293T cells were transfected with the respective proviral plasmids using a standard calcium phosphate transfection procedure. At 44 h posttransfection, tissue culture supernatant was harvested and passed through a 0.45-μm-pore filter. Virions were purified from the cleared supernatant by pelleting through a 20% (wt/wt) sucrose cushion and subsequent ultracentrifugation through an iodixanol gradient as described previously (17). Particles were resuspended in phosphate-buffered saline (PBS) and stored at −20°C. For cET analyses, virions were subjected to inactivation by mild fixation (1% paraformaldehyde, 1 h on ice). Purity was assessed by SDS-PAGE and silver staining. Immunoblot analyses were performed to confirm the processing pattern of the respective variants. Samples were separated by SDS-PAGE and transferred by semidry blotting to nitrocellulose (for MA or CA) or Immobilon (for NC) membranes, respectively. Membranes were incubated with polyclonal antisera raised against recombinant HIV-1 CA (sheep), MA (rabbit), NC (rabbit), or RT (rabbit), respectively. Bound antibodies were detected by quantitative immunoblotting using a LiCor Odyssey system and labeled secondary antibodies (LiCor) according to the manufacturer's instructions.

RT activity assay.

Supernatants from 293T cells transfected with the indicated proviral plasmids were harvested at 44 h posttransfection. Samples were treated with lysis buffer (0.125% Triton X-100, 25 mM KCl, 50 mM Tris-HCl [pH 7.4], 20% glycerol, supplemented with 1 μl of RNase inhibitor/100 μl) to disrupt virus particles. Reverse transcriptase (RT) activity was determined by a SYBR green-based product-enhanced RT assay using a CXR 96 real-time PCR detection system (Bio-Rad) as described by Pizzato et al. (40), using particles purified from the supernatant of 293T cells transfected with a wt proviral plasmid as a standard.

Infectivity assay.

Tissue culture supernatants from 293T cells transfected with the respective proviral plasmids were harvested and passed through a 0.45-μm-pore filter. Infectivity was determined by endpoint titration. For this titration, C8166 T cells were seeded in 96-well plates (2.5 × 10⁴ cells/well) and infected in quadruplicate using serial 10-fold dilutions of virus stocks. Seven days postinfection, wells harboring a spreading virus infection were scored based on syncytium formation, and the 50% tissue culture infective dose (TCID₅₀) was calculated (Spearman-Kärber). Virus titers were normalized to the virus concentration as determined by quantitative immunoblotting using purified recombinant CA (kindly provided by L. Castillo) as a standard.

Cryo-electron tomography.

Virions were mixed with 10-nm-diameter gold beads, deposited on C-flat holey carbon grids, blotted, and vitrified by plunge freezing in liquid ethane. Tilt series were collected on a FEI Tecnai F30 “Polara” transmission electron microscope (EM) with a Gatan GIF 2002 post column energy filter and 2kx2k Multiscan charge-coupled device camera (CCD) camera. The data collection was performed at 300 kV using the SerialEM software package, and tomograms were reconstructed using the IMOD software package (25). Tilt series were typically collected between −60 and +60° with a tilt increment of 3° and a total electron dose of approximately 100 e/Å². The defocus range was between 6.0 and 8.0 μm, with a magnification of 27,500× resulting in a pixel size at the specimen level of 4.7 Å.

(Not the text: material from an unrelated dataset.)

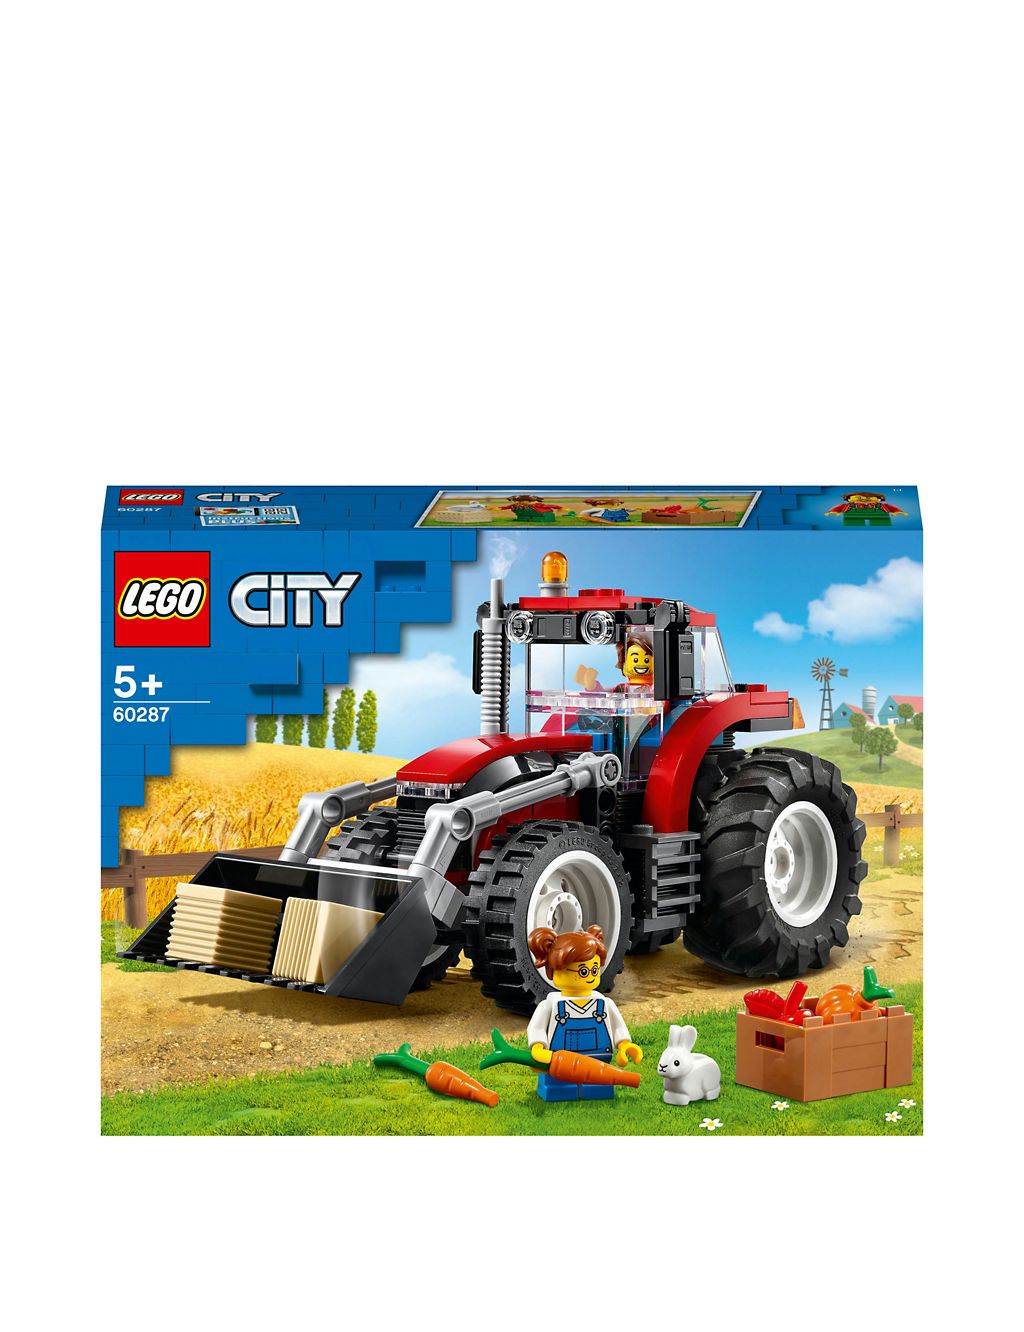 LEGO® City Tractor 60287 (5+ Yrs) 1 of 6

Segmentation and volume measurement.

To measure the volume of the virion cores, cores were manually segmented using Amira (Visage) from cryo-electron tomograms low-pass filtered to 80 Å. To refine the position of the CA layer, subtomograms centered on the surface of the segmented volume were extracted with an even spacing of 6 pixels, preoriented to the normal of the surface of the segmented object. The subtomograms underwent iterative translational alignment along the normal vectors. A closed surface in three dimensions (3D) based on the final coordinate of the subtomograms was spline fitted to define the refined surface. From this, the surface area and the volume of the cores were calculated. To determine the virion volume, for each virion, three orthogonal radii were measured and the volume at the inner side of the envelope was calculated. All calculations and image processing were done using Matlab (Mathworks).

RESULTS

Production and functional characterization of HIV-1 variants.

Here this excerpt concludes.